START Provided material

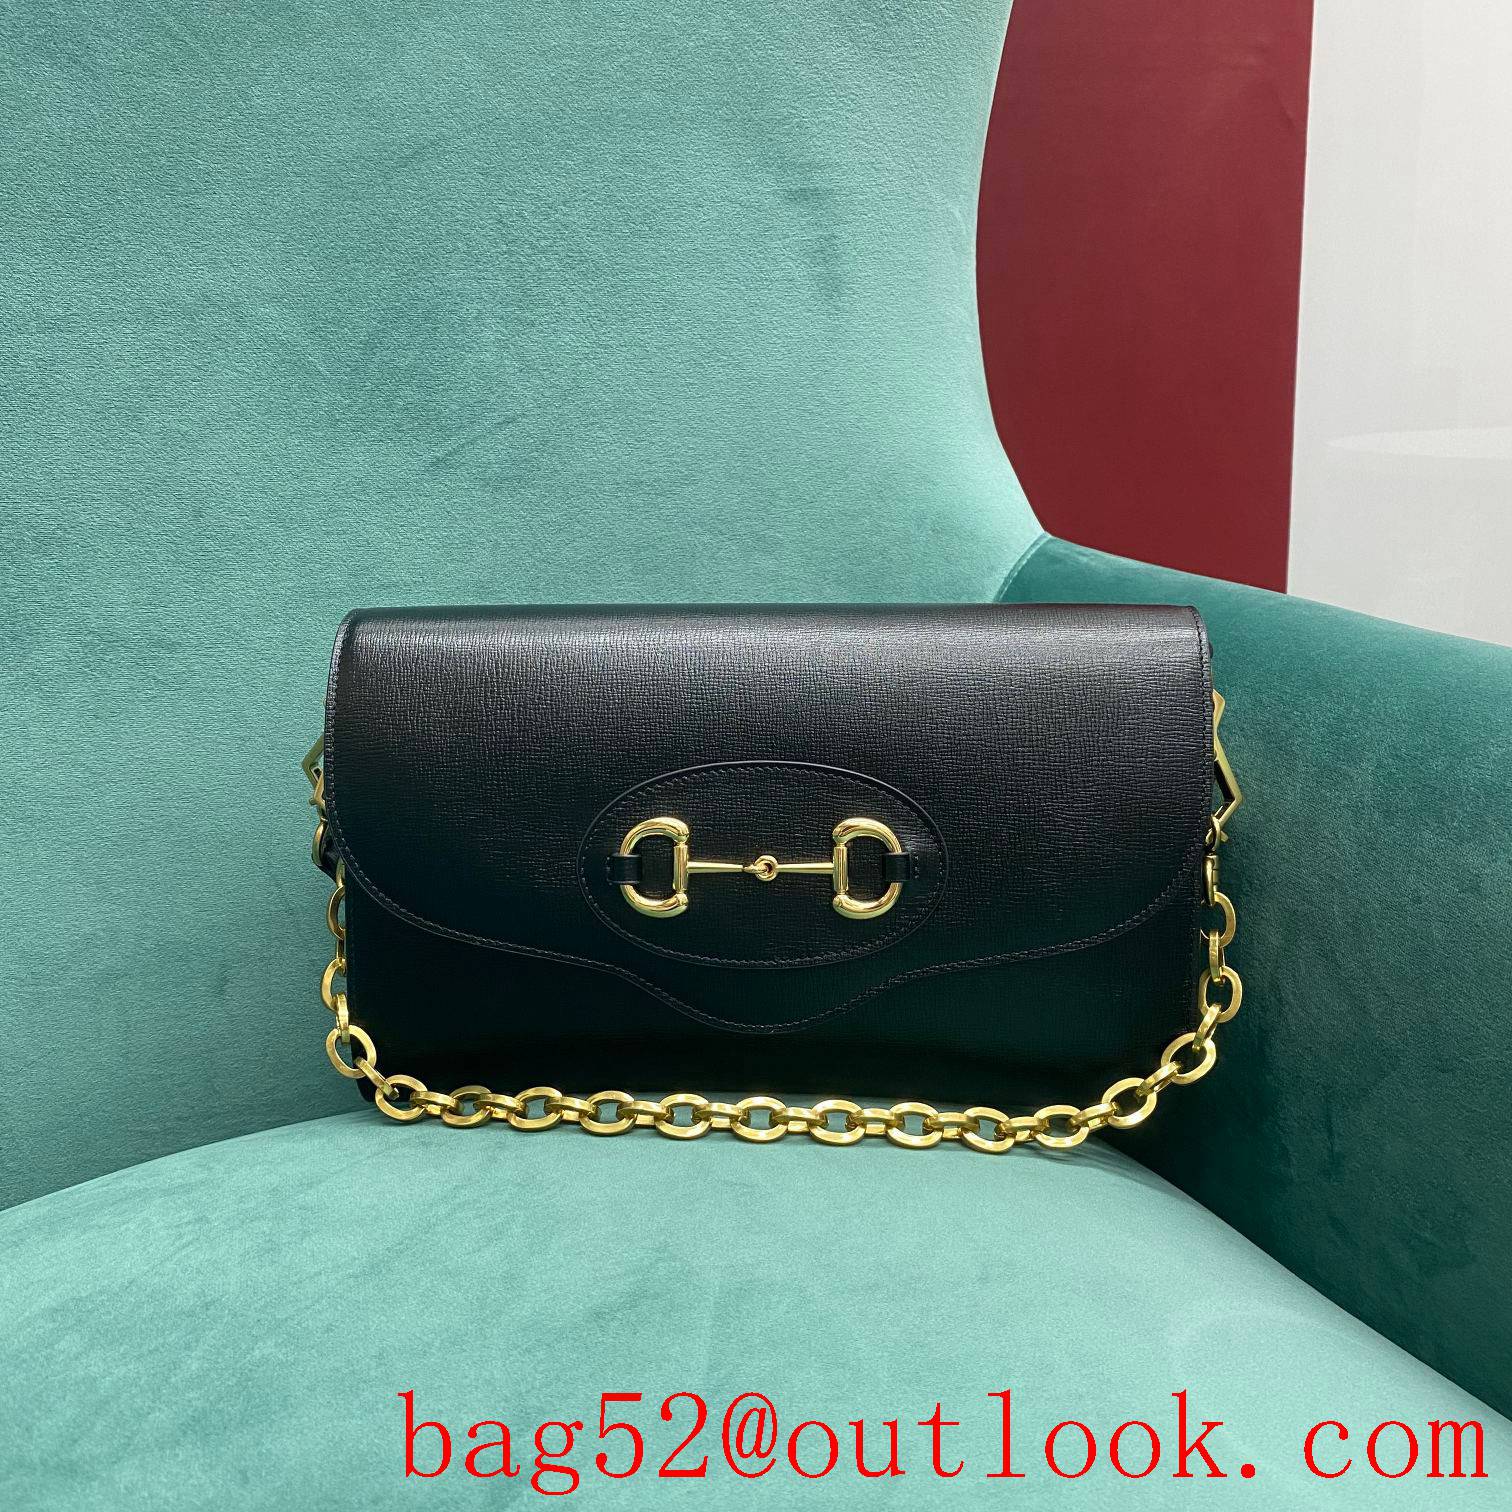 Gucci 1955 Chain Envelope black underarm handbag
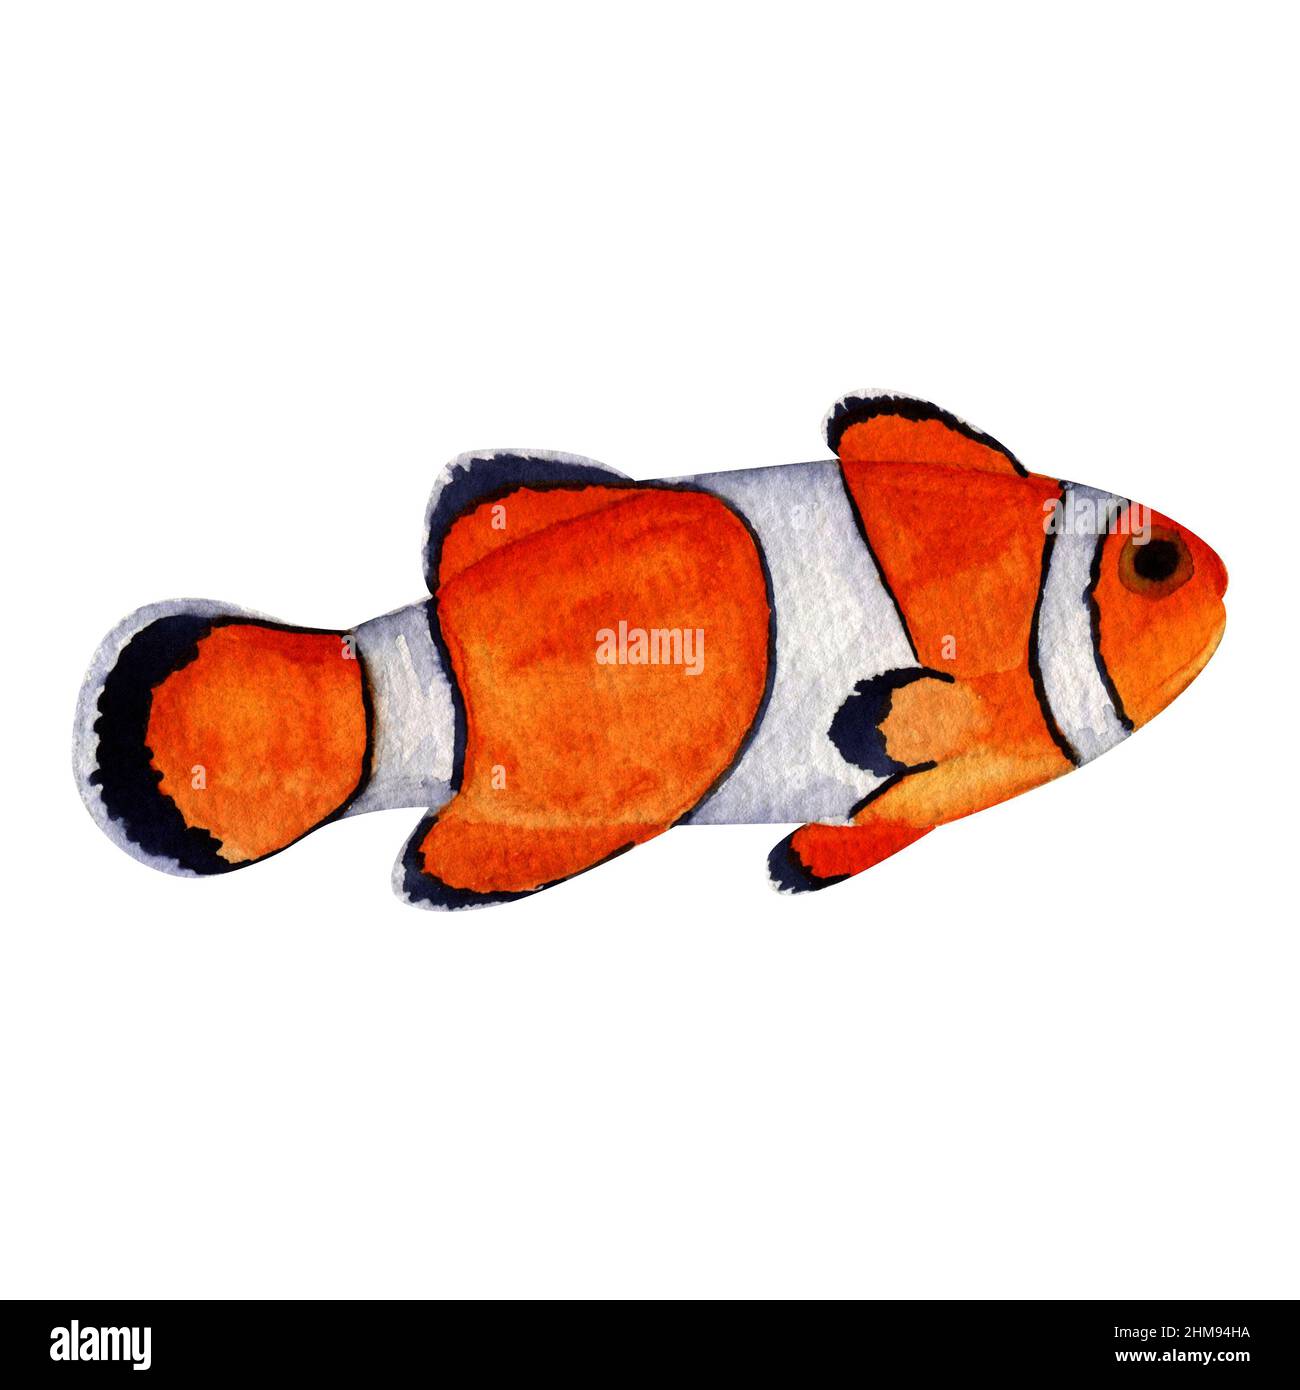 Acquerello pesce pagliaccio su sfondo bianco, illustrazione della vita marina, pittura di pesce oceano, immagine di pesce arancio, pesce pagliaccio dipinto a mano, immagine di pesce di Auarium Foto Stock
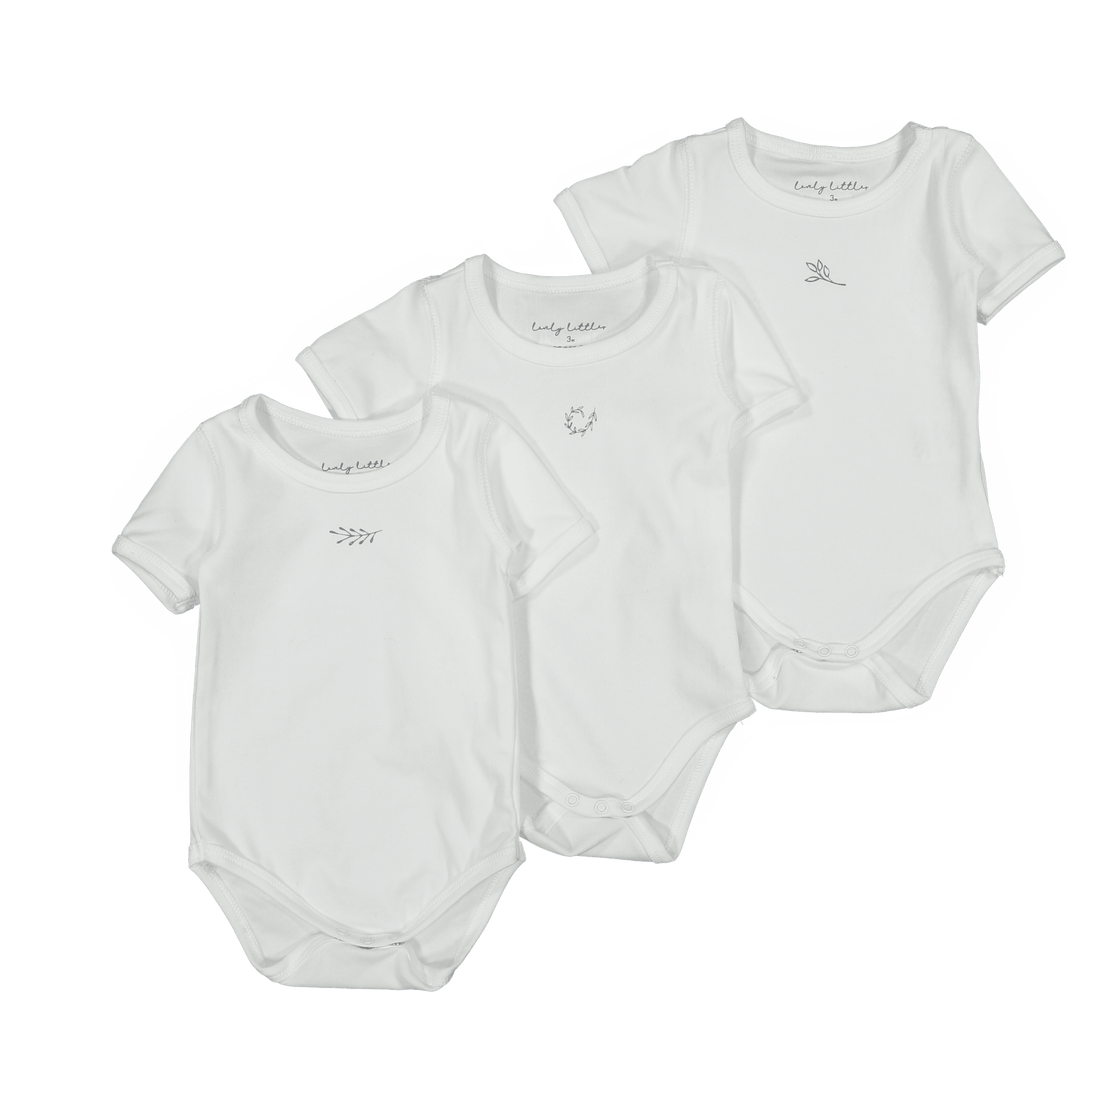 The Basic Short Sleeve Set – Lovely Littles
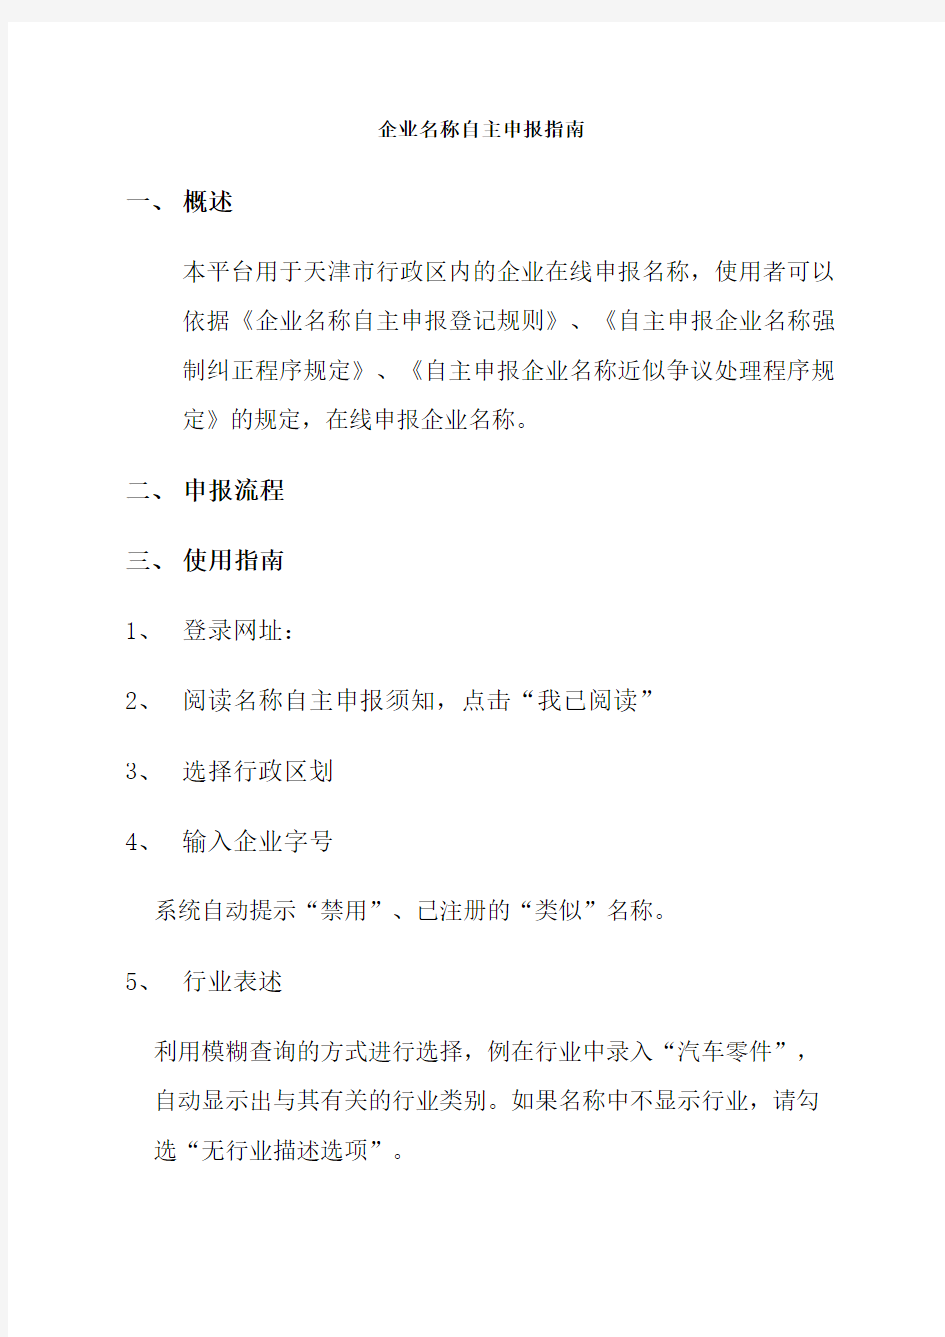 天津市企业名称自主申报平台操作指南

END Provided material

Problem to solve. Would you repeat the listing word for word and skip every picture?

Response for this exercise.
 Gucci 1955 Chain Envelope black underarm handbag
 Acquerello pesce pagliaccio su sfondo bianco, illustrazione della vita marina, pittura di pesce oceano, immagine di pesce arancio, pesce pagliaccio dipinto a mano, immagine di pesce di Auarium Foto Stock
 The Basic Short Sleeve Set – Lovely Littles
 天津市企业名称自主申报平台操作指南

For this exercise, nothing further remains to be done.